Samsung’s New Image-Generating AI Tool Is a Little Too Good


The pirate ship in Elliott Bay was one thing, but it was a fuzzy little bee that threw me off my feet.

Samsung would like us (and its shareholders) to know that its new phones are the smartest phones ever made, and the Fold 6 I’m reviewing has a new tool called “sketch to image.” Draw a sketch on a photo or a blank page of notes, and it will use generative AI to turn that thing into an image. I shrugged it off as just another AI tool when Samsung announced it on stage at Unpacked — but y’all, it’s really good. So good that it worries me a little.

Using the image-to-sketch tool in a note is pretty harmless: you draw something, highlight it, and choose from a handful of styles like “3D cartoon” and “illustration” to turn your drawing into something more detailed. Your image is sent to the cloud, and after a few moments, you’ll see a handful of options to choose from. The results are usually cute and fun; I’ve taken my two-year-old’s requests and we’ve drawn goofy-looking dump trucks and school buses. Sometimes you’ll get a teddy bear with too many arms, but it’s nothing serious.

It’s when I use Sketch to Image on a photo that things get weird. I’m the world’s worst artist, and this tool has translated my most basic sketches into photorealistic images. The AI-generated elements are convincingly integrated into the photos, scaled and adapted to the environment in a way that makes them hard to spot as fakes.

This is how I got to the bee problem. I took a photo from a dock just south of downtown Seattle with some flowers in the foreground. Since they are close to the camera and my focus was far away, they are slightly blurry. I drew the world’s worst sketch of a bee on one of these flowers, thinking the AI ​​would insert a clear image of a bee, easily giving it away as a fake. Wrong!

The AI ​​bee is blurry, as is the flower it’s landing on. If I didn’t know the AI ​​bee’s origin story, I wouldn’t think twice about walking past this image on Instagram. I’m assuming the photographer either took the shot at the right moment or waited for a bee to enter the frame—things that take skill and patience. They didn’t. In fact, I’m not even sure I can spot the “AI-generated content” watermark in the corner of the image.

It’s convincing at first glance, but if you look for more than a second, you’ll notice something is wrong.

I’ve been playing around with the image drawing a lot over the past week, and the results aren’t always so “fuzzy.” Often, they exhibit the telltale signs of a piece of AI generative art: words scribbled in an alien language or strange textures that don’t quite look right. Convincing at first glance, but if you look for more than a second, you’ll notice something is wrong.

Sometimes the content itself betrays reality: I don’t think anyone would believe I saw a huge pirate ship anchored in Elliott Bay or a giant orange cat in a West Seattle intersection. But even when the images are so outrageous that no one could mistake them for real, they seem realistic.

In general, large objects look obviously fake. But it’s very easy to add another car to a photo of a busy road or a sailboat in the distance, and most people won’t know. Aside from this AI watermark, which is easily cropped out, there’s really no way to tell that there’s anything unusual about the image. It’s weird!

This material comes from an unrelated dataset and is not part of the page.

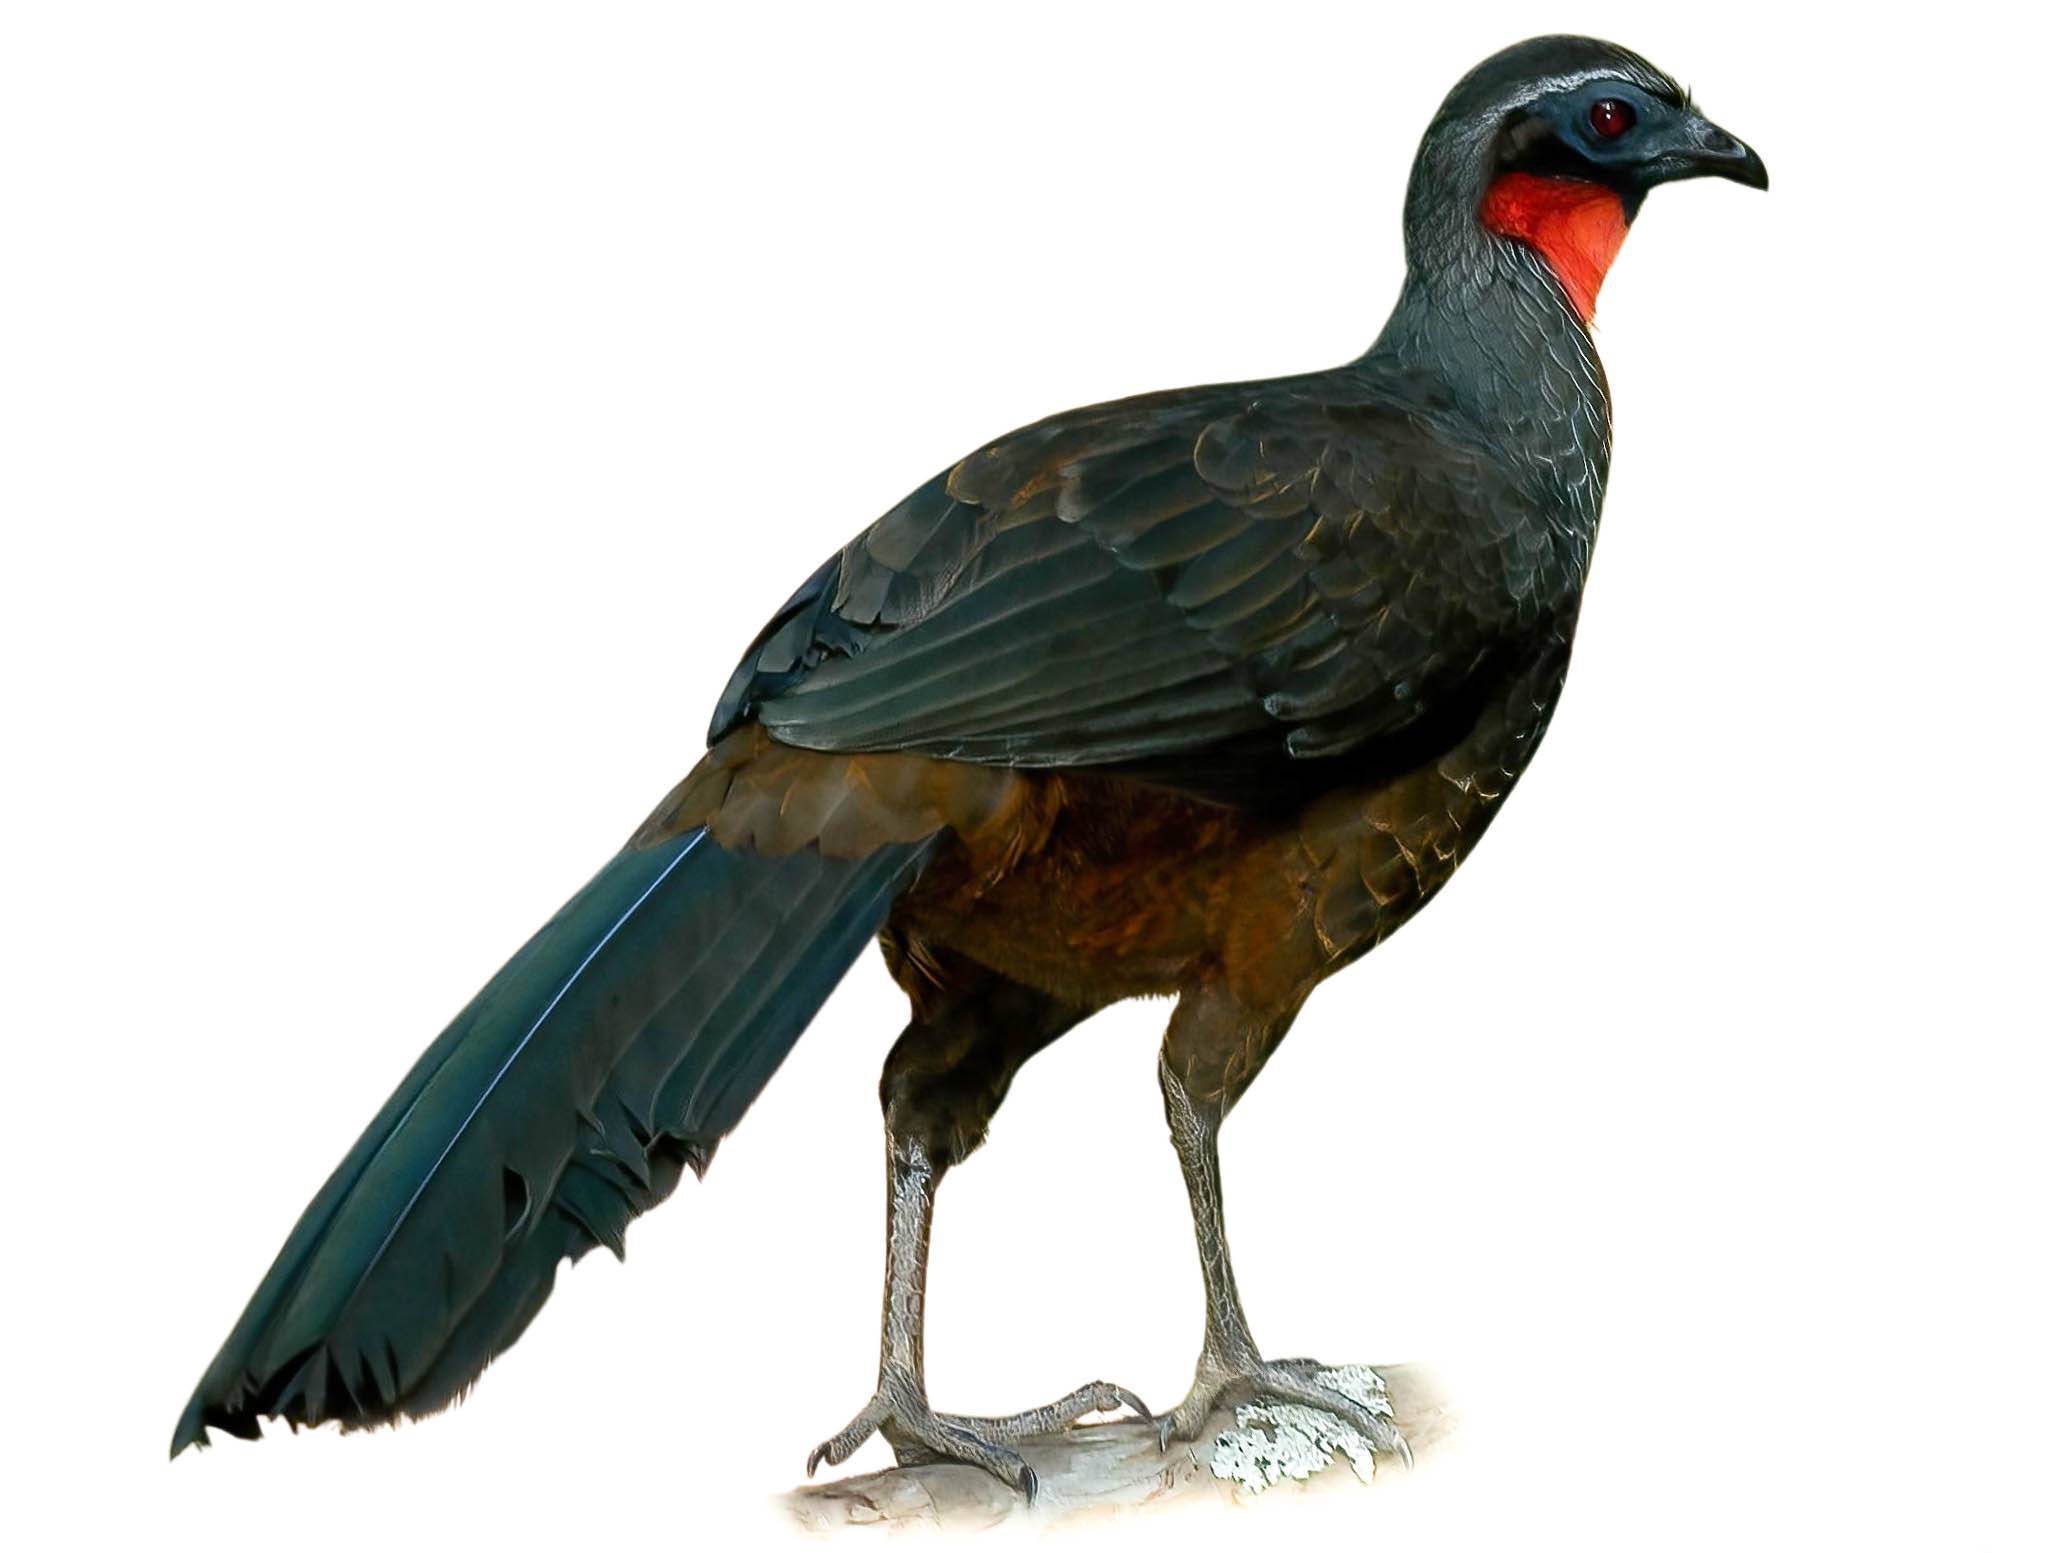 A photo of a Rusty-margined Guan (Penelope superciliaris)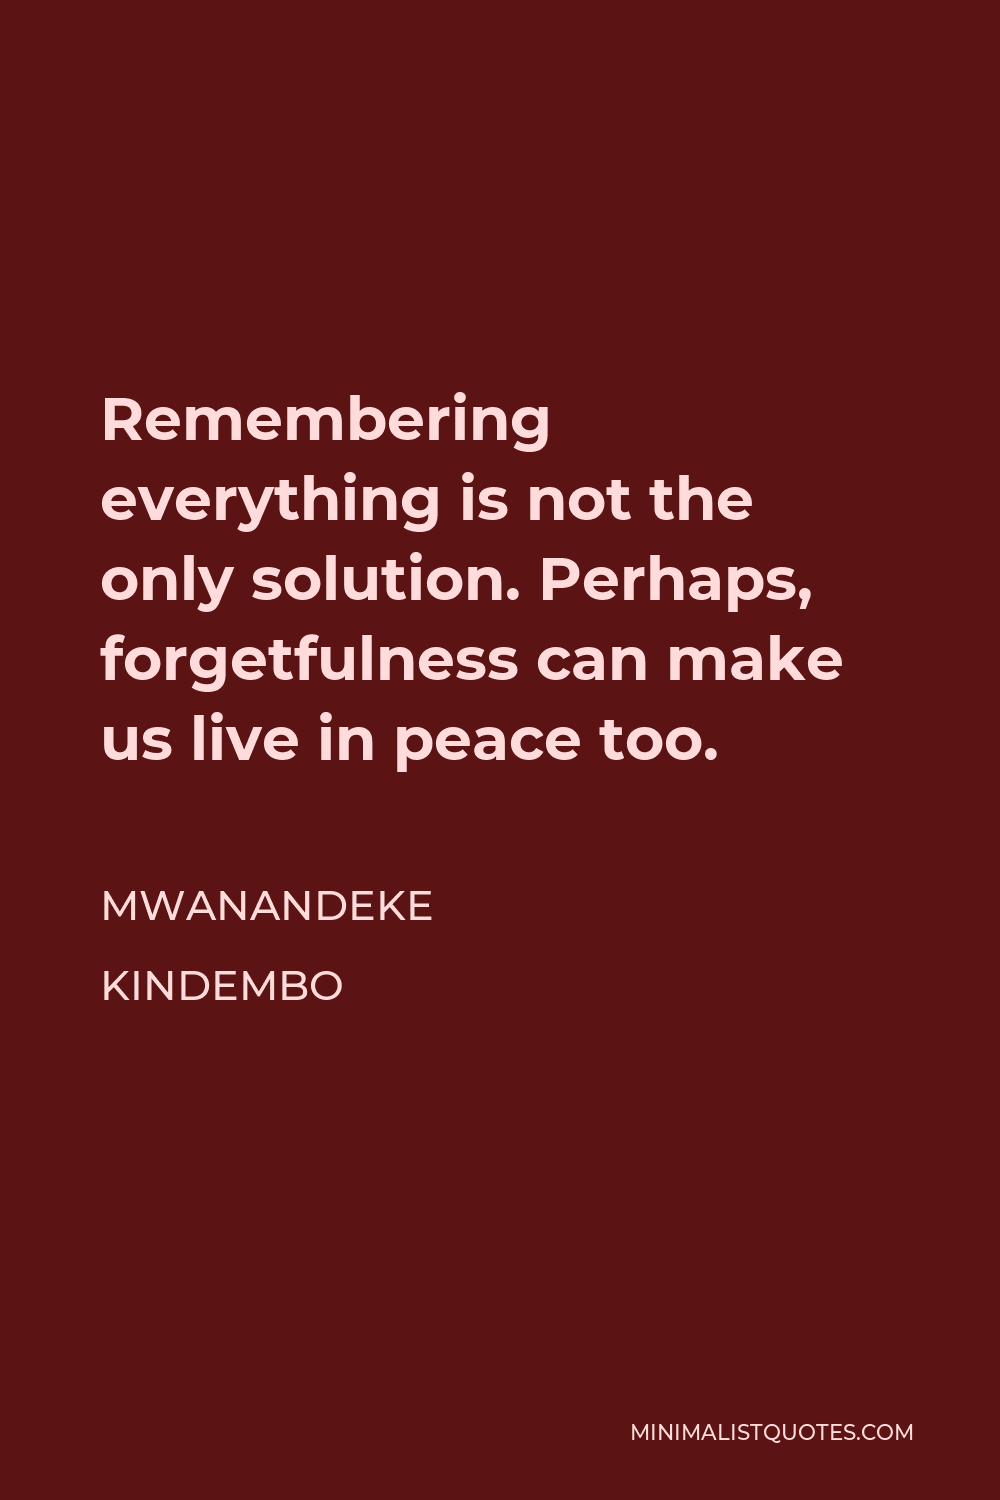 Mwanandeke Kindembo Quote - Remembering everything is not the only solution. Perhaps, forgetfulness can make us live in peace too.

A fuzzy bee won’t destroy the fabric of our society

I don’t want to exaggerate. Using a sketch on an image is entirely optional, and many people will never even find it in the Gallery app. A blurry bee isn’t going to unravel the fabric of our society. But I think we’re in an increasingly weird place with AI. Sure, you’ve been able to add a blurry bee to an image in Photoshop for ages. But putting that capability into the the same device you use to take the photo and distribute it That’s another thing. The capabilities and accessibility of generative AI tools are outpacing our common understanding of what can be real and what can be fake when you scroll through Instagram.

Personally, I find it most bizarre when I show this feature to my child. He will grow up knowing that with the push of a button you can transform a crude sketch into something more polished. Or, with minimal effort, you can spice up a photo of train tracks by adding a train. Is this a good or bad thing? I have no idea, but I definitely sense a dissonance between how I viewed art as a child and how he will view it.

None of this has stopped me from having fun turning sketches into images. The results of generative AI are pretty hilarious in their honesty, like when I tried to add a green monster poking its head out of the Puget Sound and it interpreted my drawing as a huge green polar bear with rippling muscles standing on the shore. Or when it turned a stick figure sketch into a life-size stick figure, with a shadow on the ground below.

Is the definition of photography changing before our eyes? Is our understanding of truth in images being transformed at an incredibly precarious moment for our democracy? Yes, but also, I took a picture of a rabbit and AI allowed me to put a little top hat on its little head. What a time to be alive.

The sketch image is available on the Galaxy Z Fold 6 and Z Flip 6. Samsung hasn’t publicly stated whether it will make the feature available on other Galaxy phones, but given the company’s track record of aggressively expanding Galaxy AI to previous-gen models, I think it’s extremely likely. Samsung has also committed to bringing AI features to 200 million phones this year alone. If a fuzzy little bee is any indicator, I’d say things are bound to get a little weird when that happens.